The reaction was immediate and visceral. All three of them went rigid, and Bertholdt actually grabbed Jack's arm.
"No," Annie said, her voice sharp. "We stay together."
"Hey, it's okay." Jack was surprised by the intensity of their response. "I'll talk to the loading officers, make sure we're on the same boat. I know how to work with the system."
And he did. Thirteen years of navigating bureaucracy had taught him which officials could be reasoned with, which ones responded to sympathy, and which ones just needed to be convinced that helping you would make their job easier.
Twenty minutes later, they were assigned to boat seven, departure time estimated at sunset. Jack had spun a story about traumatized children who needed stability, orphans who'd found each other in the chaos and couldn't bear to be separated again. It wasn't entirely false.
The loading officer, a tired sergeant with kind eyes, had bought it completely.
"You're good at that," Annie observed as they made their way toward their assigned boat.
"At what?"
"Lying."
Jack felt heat rise in his cheeks. "I wasn't lying. You are traumatized, and you do need stability."
"But we're not your responsibility."
"No," Jack agreed. "You're not. But someone has to look out for you, and I'm here."

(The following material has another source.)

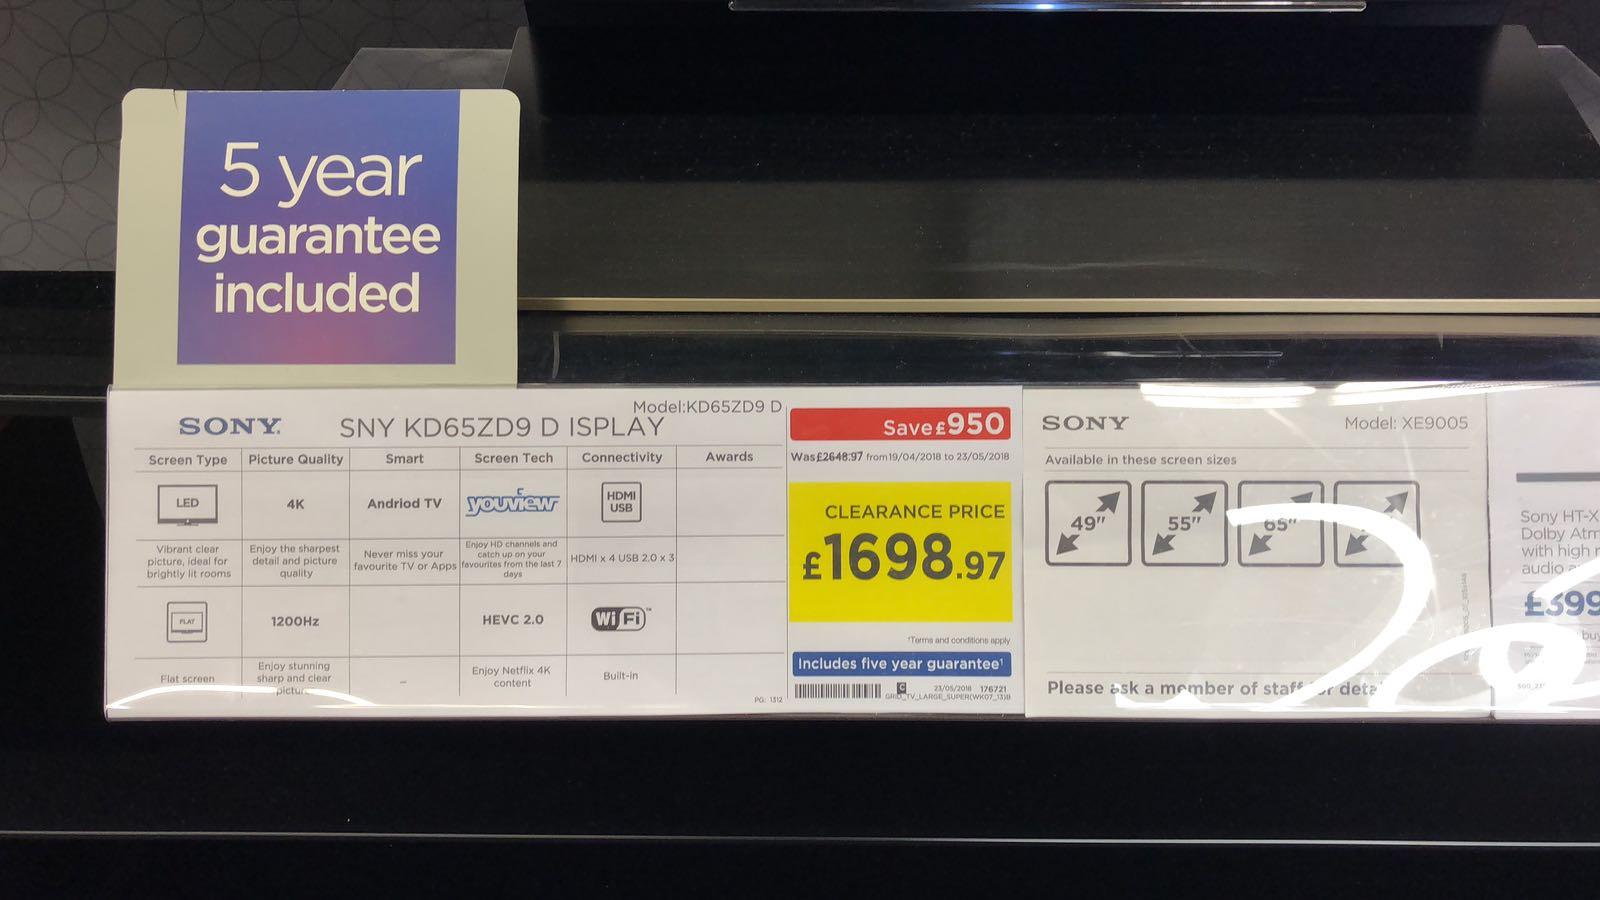 Sony 65 inch kd65zd9 £1698.97 @ Currys in Croydon

The simple honesty of it seemed to hit Annie like a physical blow. She stopped walking and stared at him with an expression he couldn't read—something between gratitude and pain.
"Why?" she asked quietly.
"Because I know what it's like to be alone. And because..." Jack hesitated, then shrugged. "Because Old man Henrik would've done the same thing. He used to say that taking care of people was what separated us from the titans."

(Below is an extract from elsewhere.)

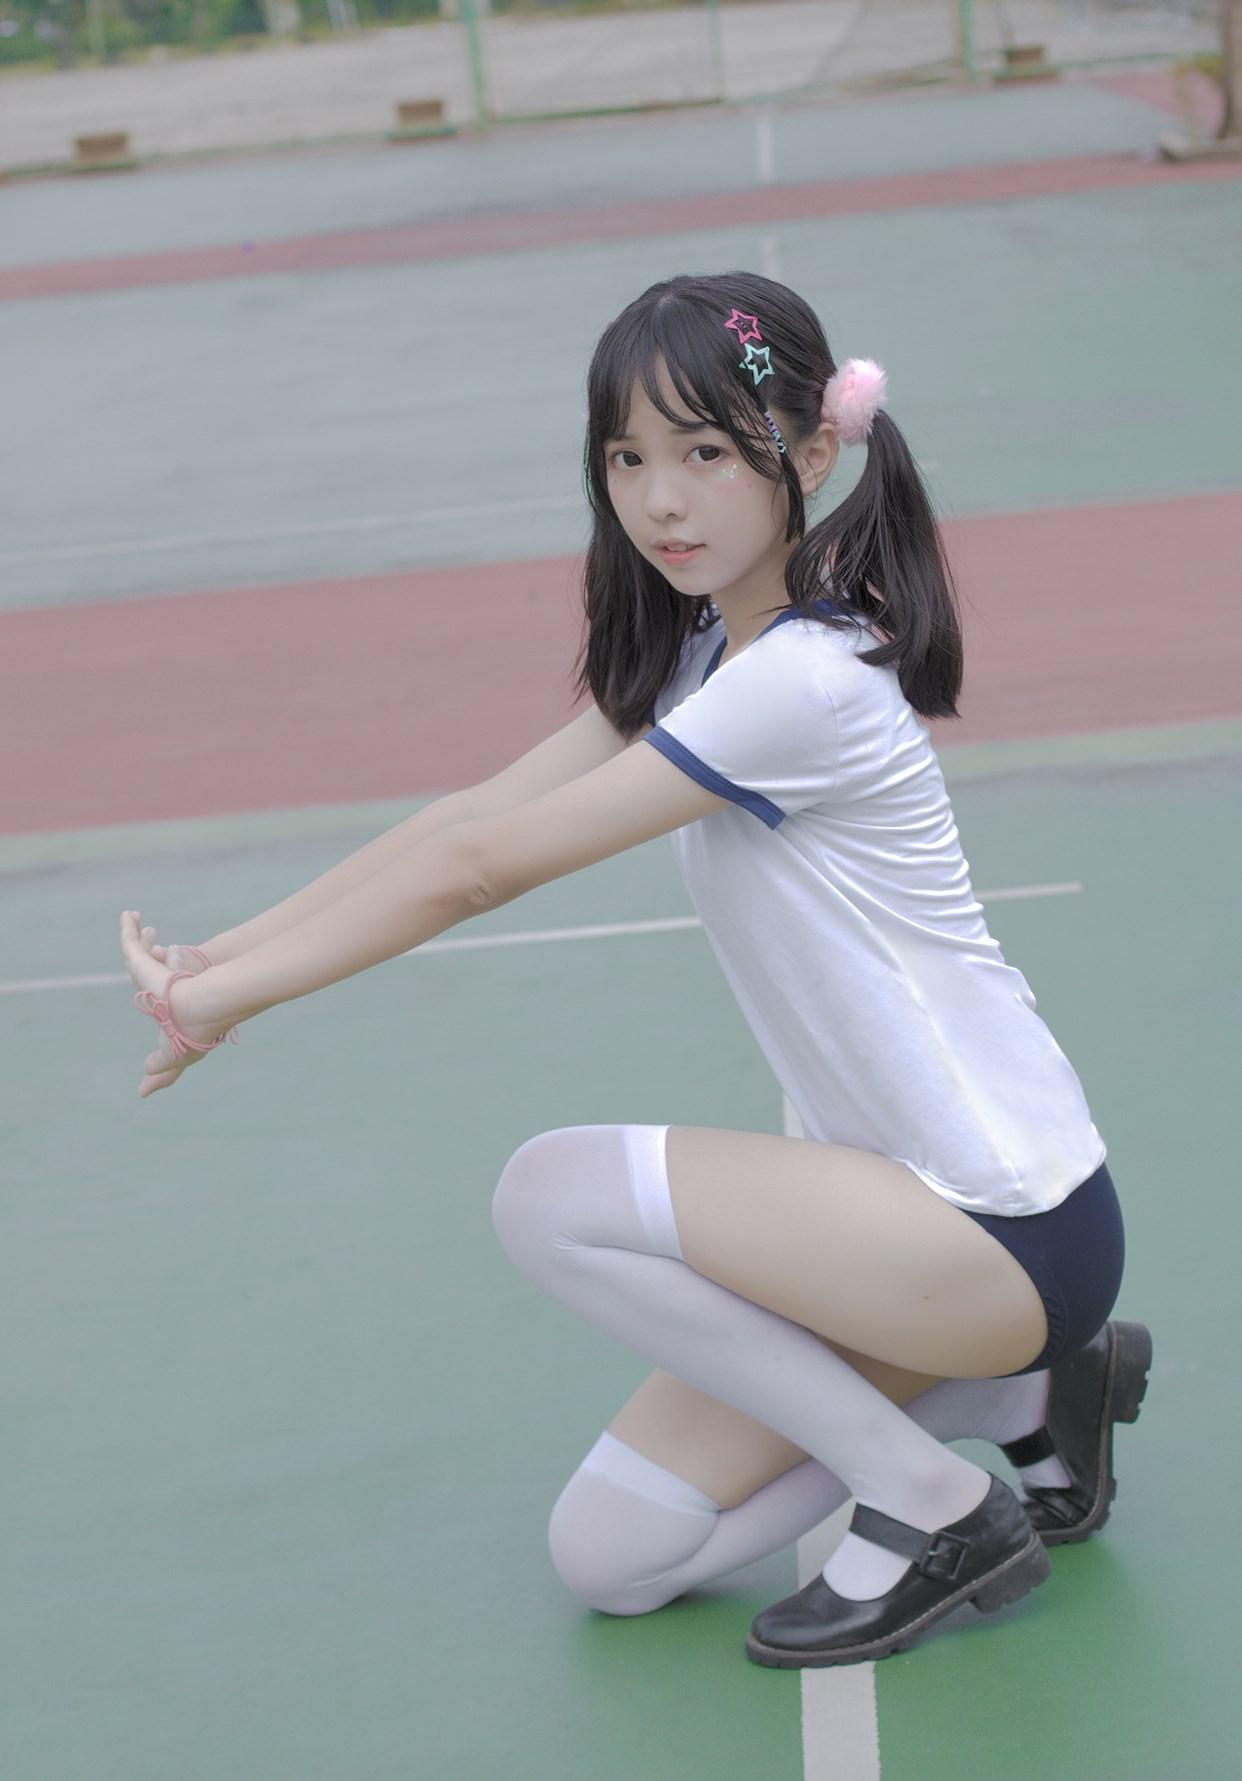 【兔玩映画】萝莉的体操服 兔玩映画 第10张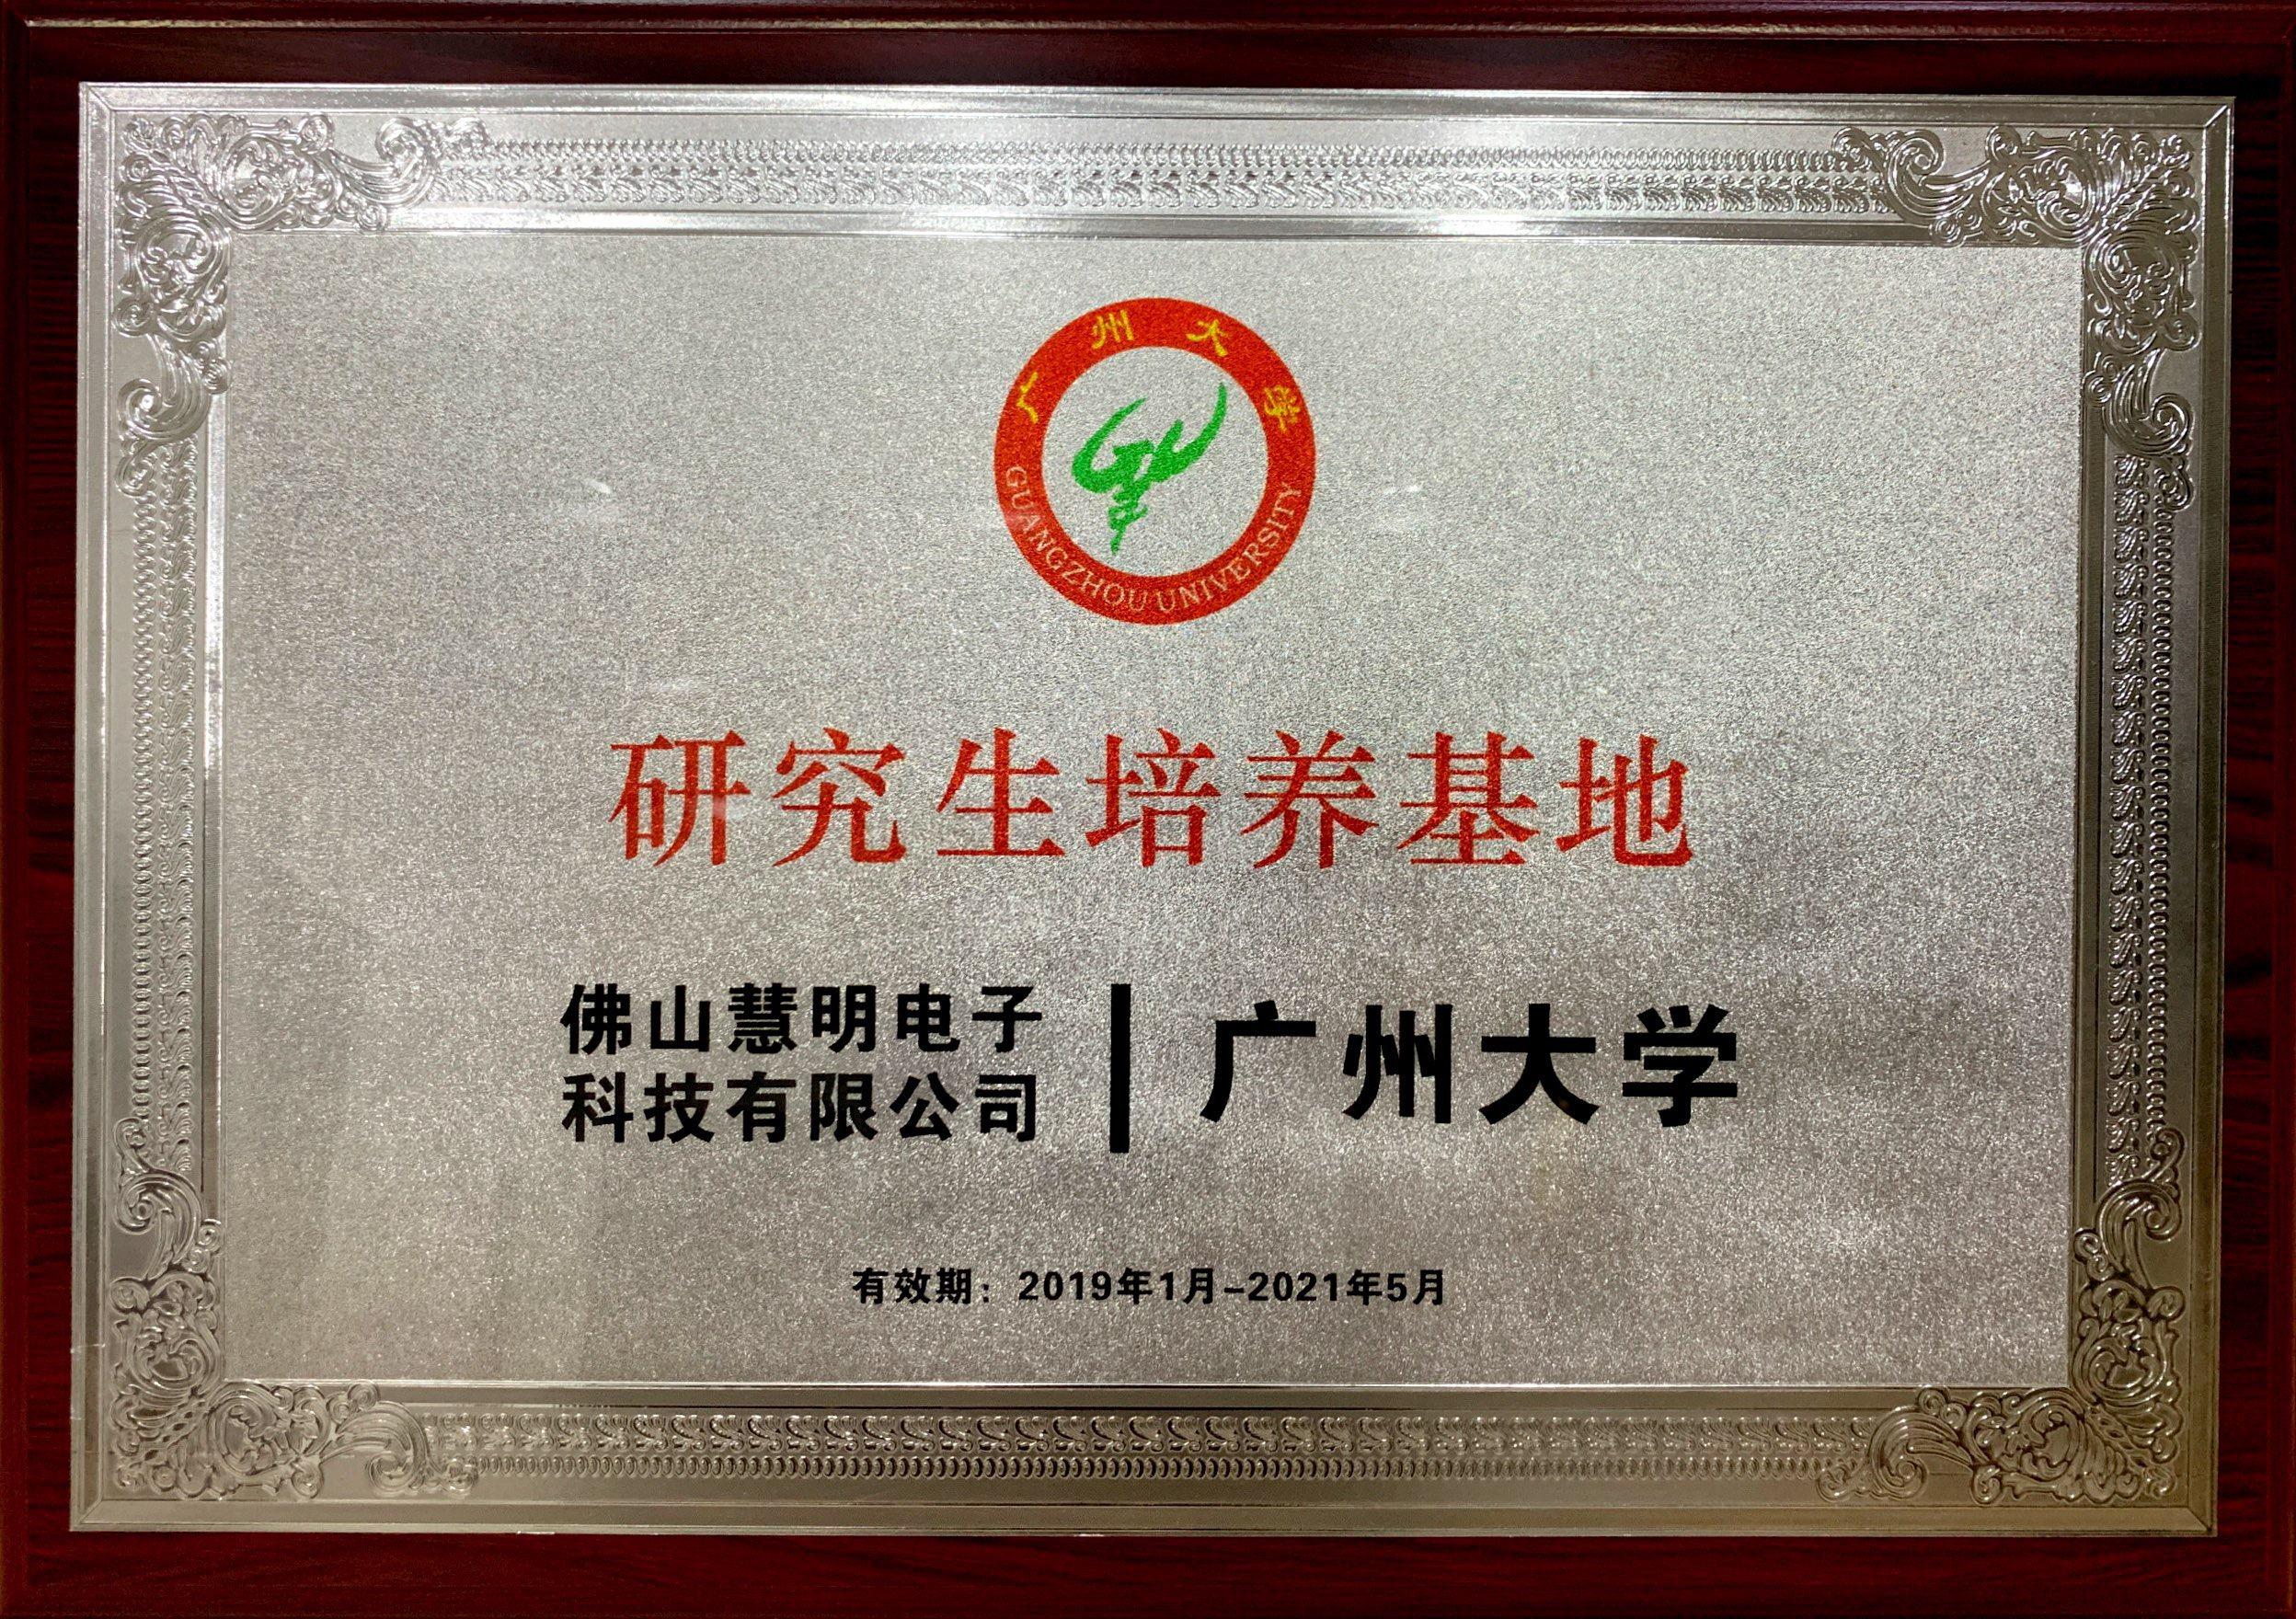 广州大学研究生培养基地

Behind them, Bertholdt made a sound like a sob.
Jack turned to see tears streaming down the boy's face again, but this time there was something different in his expression. A mix of grief, with something deeper. Something that looked almost like self-loathing.
"What's wrong?" Jack asked, moving toward him.
"Nothing," Reiner said quickly, putting an arm around Bertholdt's shoulders. "He's just... it's been a long day."
The longest day of their lives, Jack thought, watching the three of them huddle together like survivors of a shipwreck. Poor kids probably still can't believe this is real.
As they boarded the evacuation boat, Jack missed the way Annie's hands clenched into fists, the way Reiner's jaw tightened with determination, the way Bertholdt whispered another apology that got lost in the wind.
He was too busy planning their future—where they'd live, how he'd help them adjust, what kind of life they could build together. Yet he had no idea who he was trying to protect.